Abstract

It is a cultural norm for Chinese older adults to engage in co-parenting and caring for grandchildren. Previous research documented health advantages for grandparents who provide occasional, extensive, or even custodial care to grandchildren in China. Yet there is little information regarding the impacts of living arrangement and its interaction with grandchild care on grandparents’ psychological well-being. Using three waves of the 2011-2015 China Health and Retirement Longitudinal Study (CHARLS) data, this study examined the longitudinal association of depressive symptoms with grandchild care intensity and living arrangement among adults aged 40 and above (N=5,037). Mixed effects regression models were applied to examine changes in depressive symptoms and the associations with explanatory variables. At baseline, about half of respondents reported caring for their grandchild (ren). And nine percent lived with grandchildren only, that is, in a skipped-generation household and taking a custodial grandparent role. Overall, depressive symptoms did not change over time.

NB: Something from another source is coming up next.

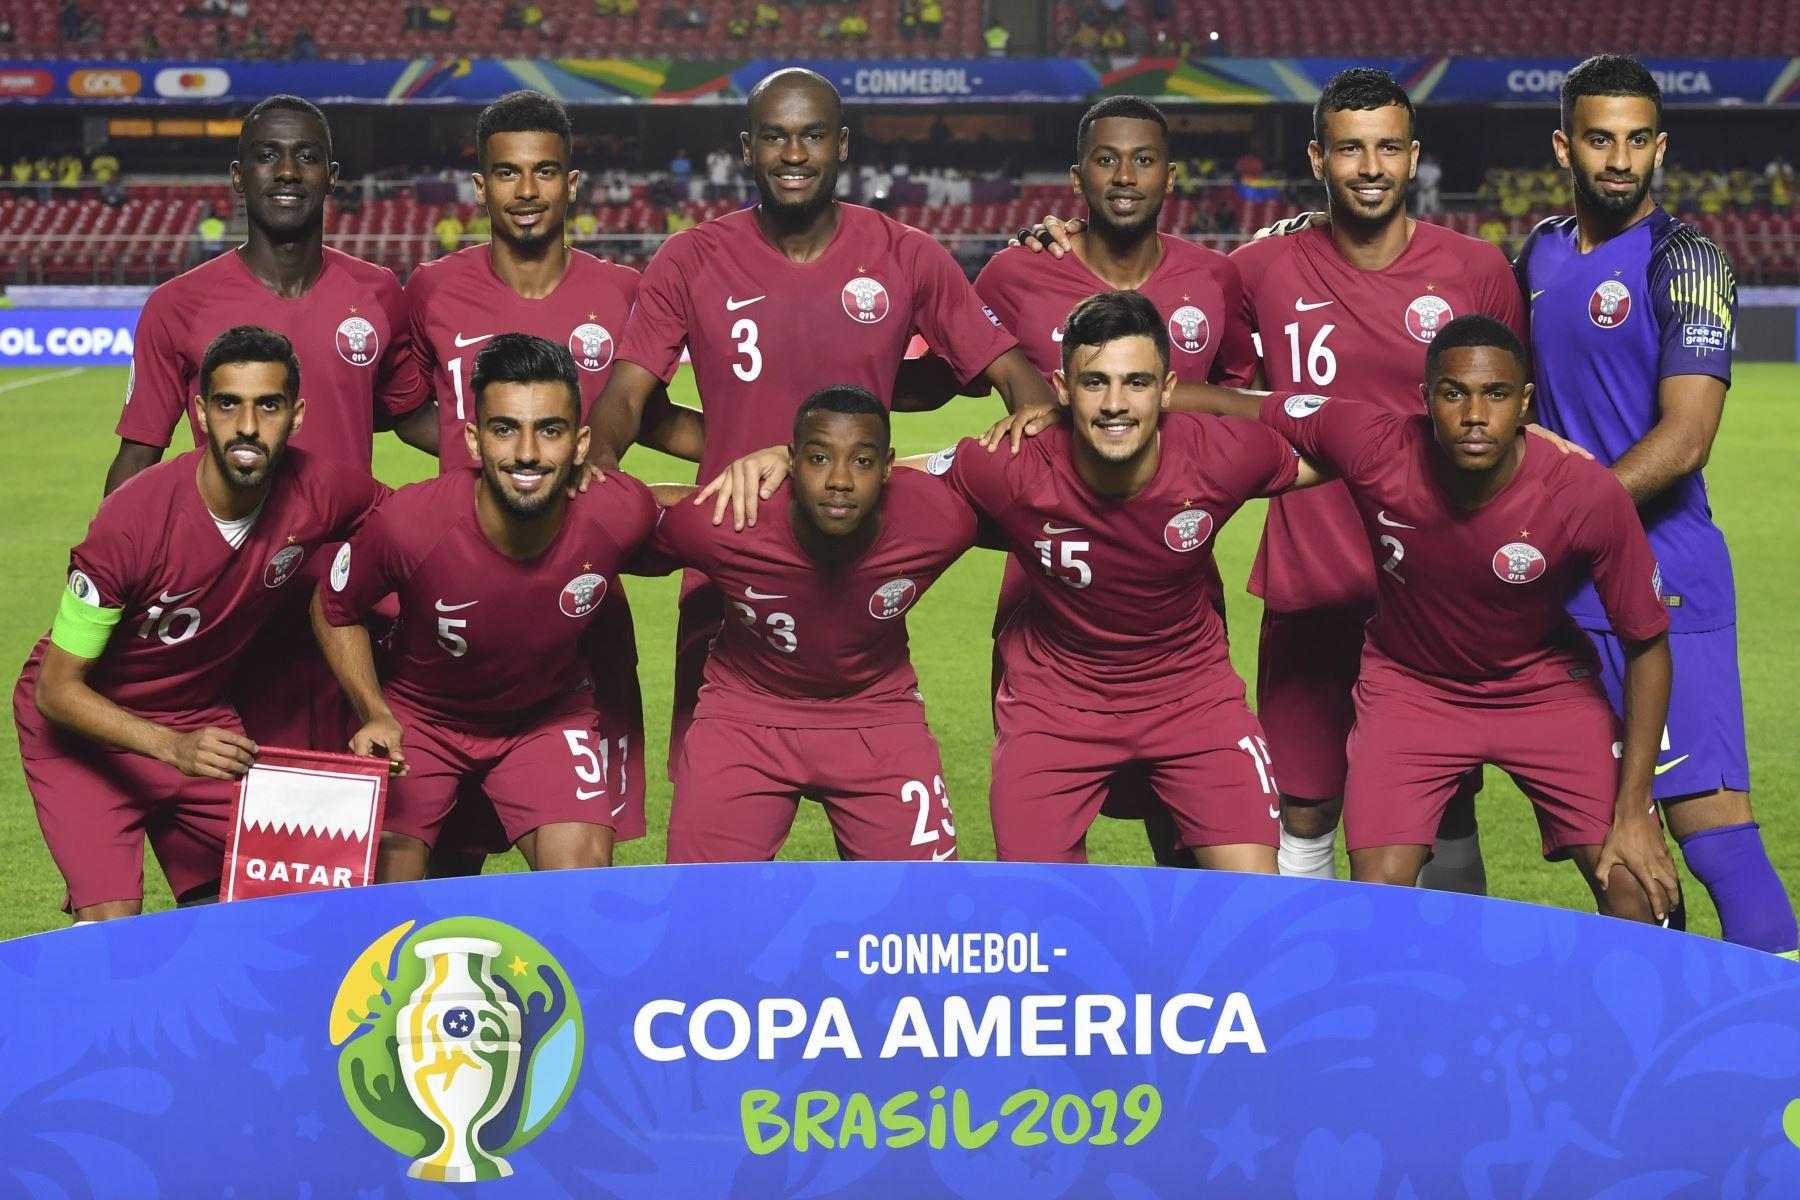 Los jugadores de Qatar posan para las fotos antes de su partido de torneo de fútbol de la Copa América contra Colombia en el estadio Cicero Pompeu de Toledo  en Sao Paulo, Brasil. Foto: AFP

After controlling for sociodemographic and health covariates, we found that providing medium level of care (i.e., between three to 10 hours per day) was associated with fewer baseline depressive symptoms, whereas grandparents living with grandchildren had more symptoms at baseline relative to those living with others. Further, an increased level of caregiving in the skipped-generation households was associated with more depressive symptoms. Given that custodial grandparenting is a growing phenomenon in China, further research needs to investigate how to reduce caregiving burden and associated adversary effects and how to promote overall well-being in this population.